Salut cher(e)s amis Intellectuels du travail !
Je vous invite vivement à prendre une petite heure pour écouter Vincent De Gaulejac. De quoi parle-t-il ? D’une société qui détruit en permanence ce qu’elle produit par nécessité de produire autre chose ! Mail il s’agit des hommes mis sous pression de la haute performance et d’un système paradoxale qui sollicite des comportements pervers. Un système qui menace tout le monde de dépression !!
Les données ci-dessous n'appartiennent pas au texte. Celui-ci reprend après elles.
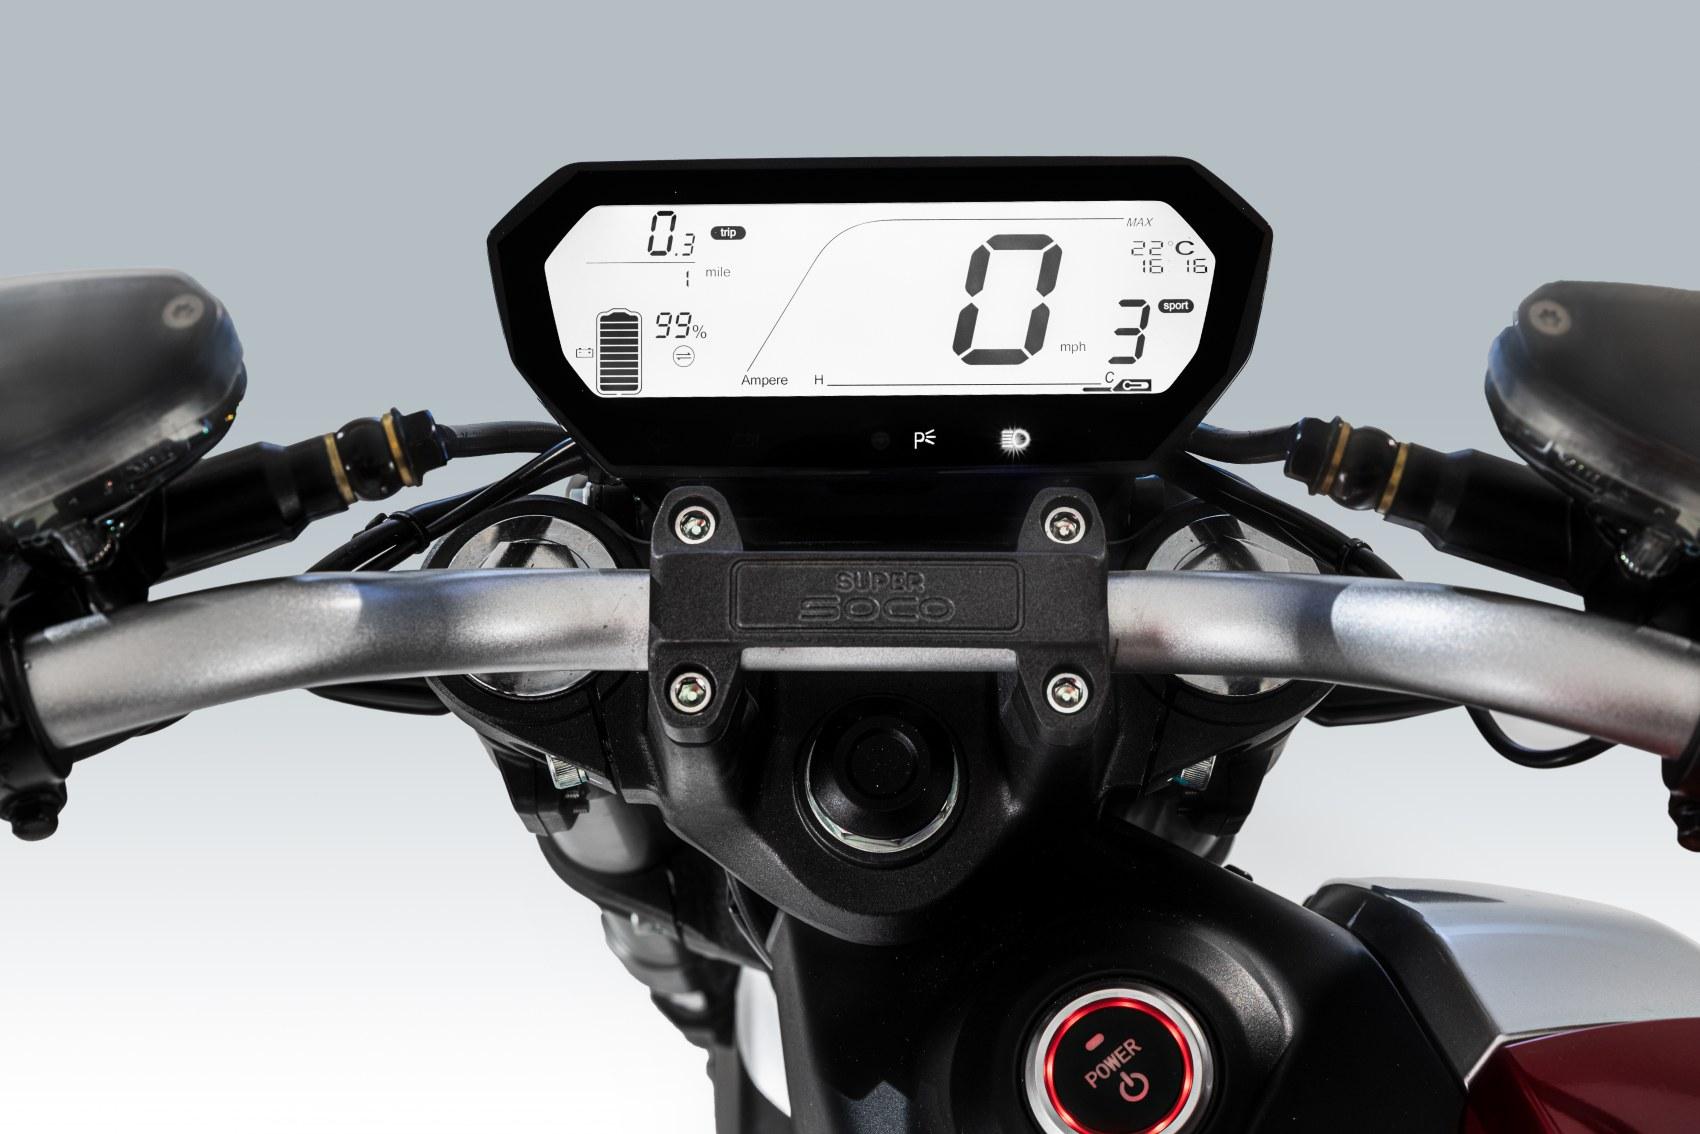 Super Soco TSx electric motorcycle digital dash display
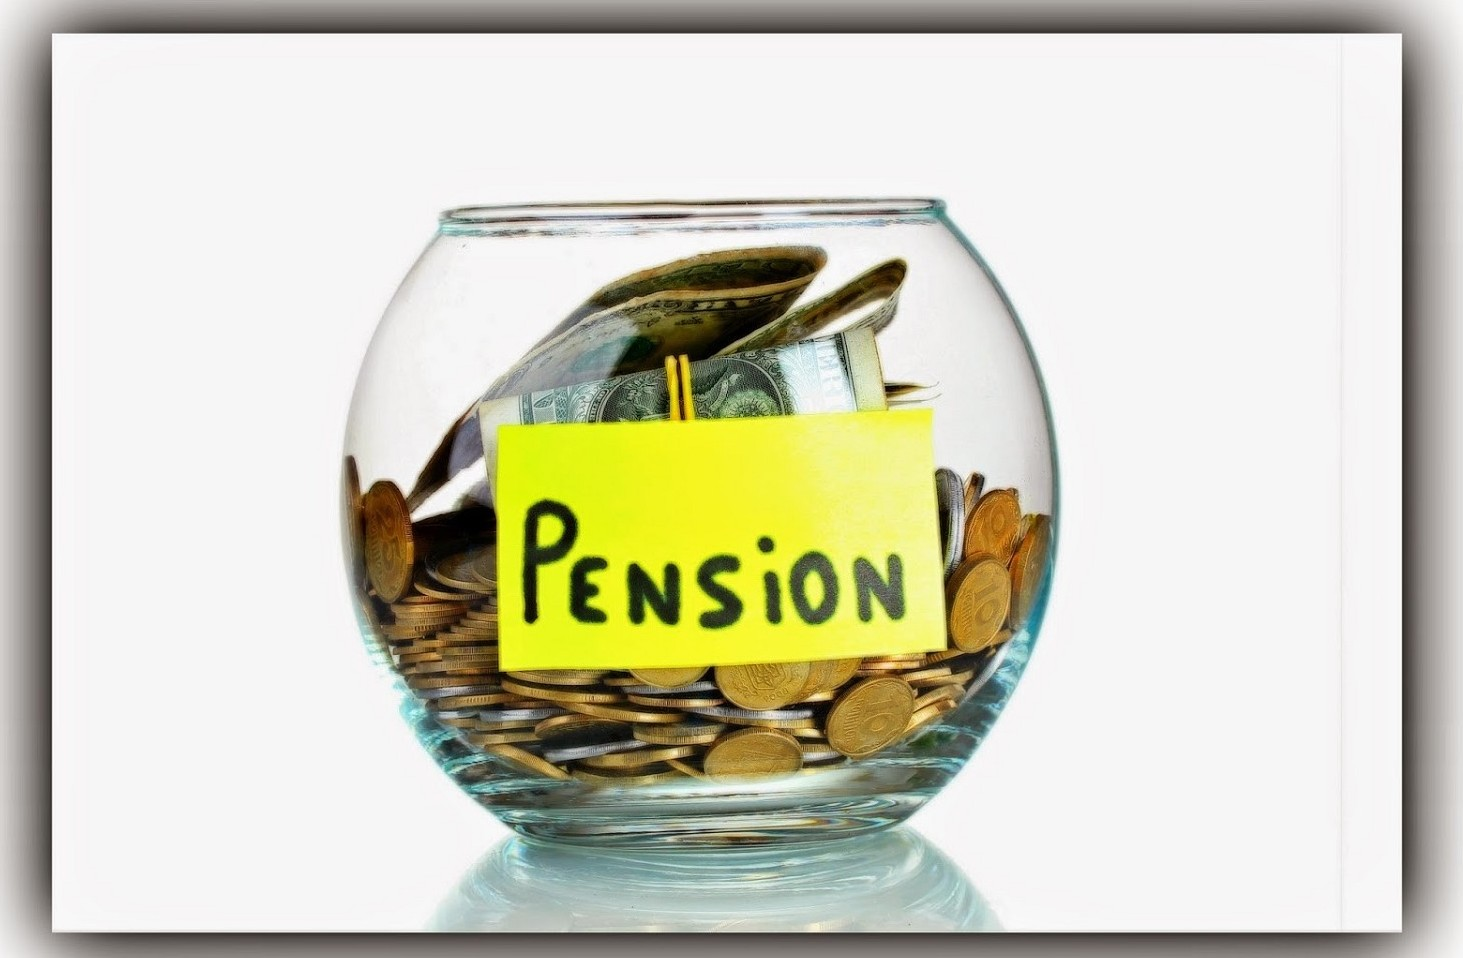 Pensioni, novit� le prossime riunioni uf

De l’idéologie des ressources humaines. Un dogme subtile qui renverse les rapports et rend l’homme objet. La finalité devient le développement de l’économie. Des outils de gestion au service d’une forme de pouvoir qui se décline autour des valeurs de qualité, efficacité, efficience et performance pour rendre les gens utiles.
La description de l’idéologie gestionnaire, du discours paradoxale de l’excellence avec les mots à MAJUSCULE, le baratin, la montée de l’insignifiance, le parlé creux sans peine, la quantophrénie, la lutte des places, l’évaluation, la culture de l’urgence...
J’ai apprécié la pertinence de l’analyse, la justesse du regard et l’humanité du chercheur.
Non, nous ne sommes pas fous, ceux qui pensons que l’humain doit se libérer du dogme néo-libéral et gestionnaire qui voudrait nous transformer en objets mesurables au service d'un système qui nous broie. Au service d’un pouvoir de domination sur notre corps, notre psyché.
Ce pouvoir qui exclue et menace, qualifie les inutiles au monde, les sans emploi, sans logement... La menace de ne plus avoir de place, la perte de sens du travail. Dans ce système le chômage est une solution.
Je mets mon énergie au service d’un combat contre cette rationalité inhumaine et sur ces mécanismes asservissants.
Il est pourtant si simple de vivre simplement.
Je vous laisse méditer et réagir sur le sujet.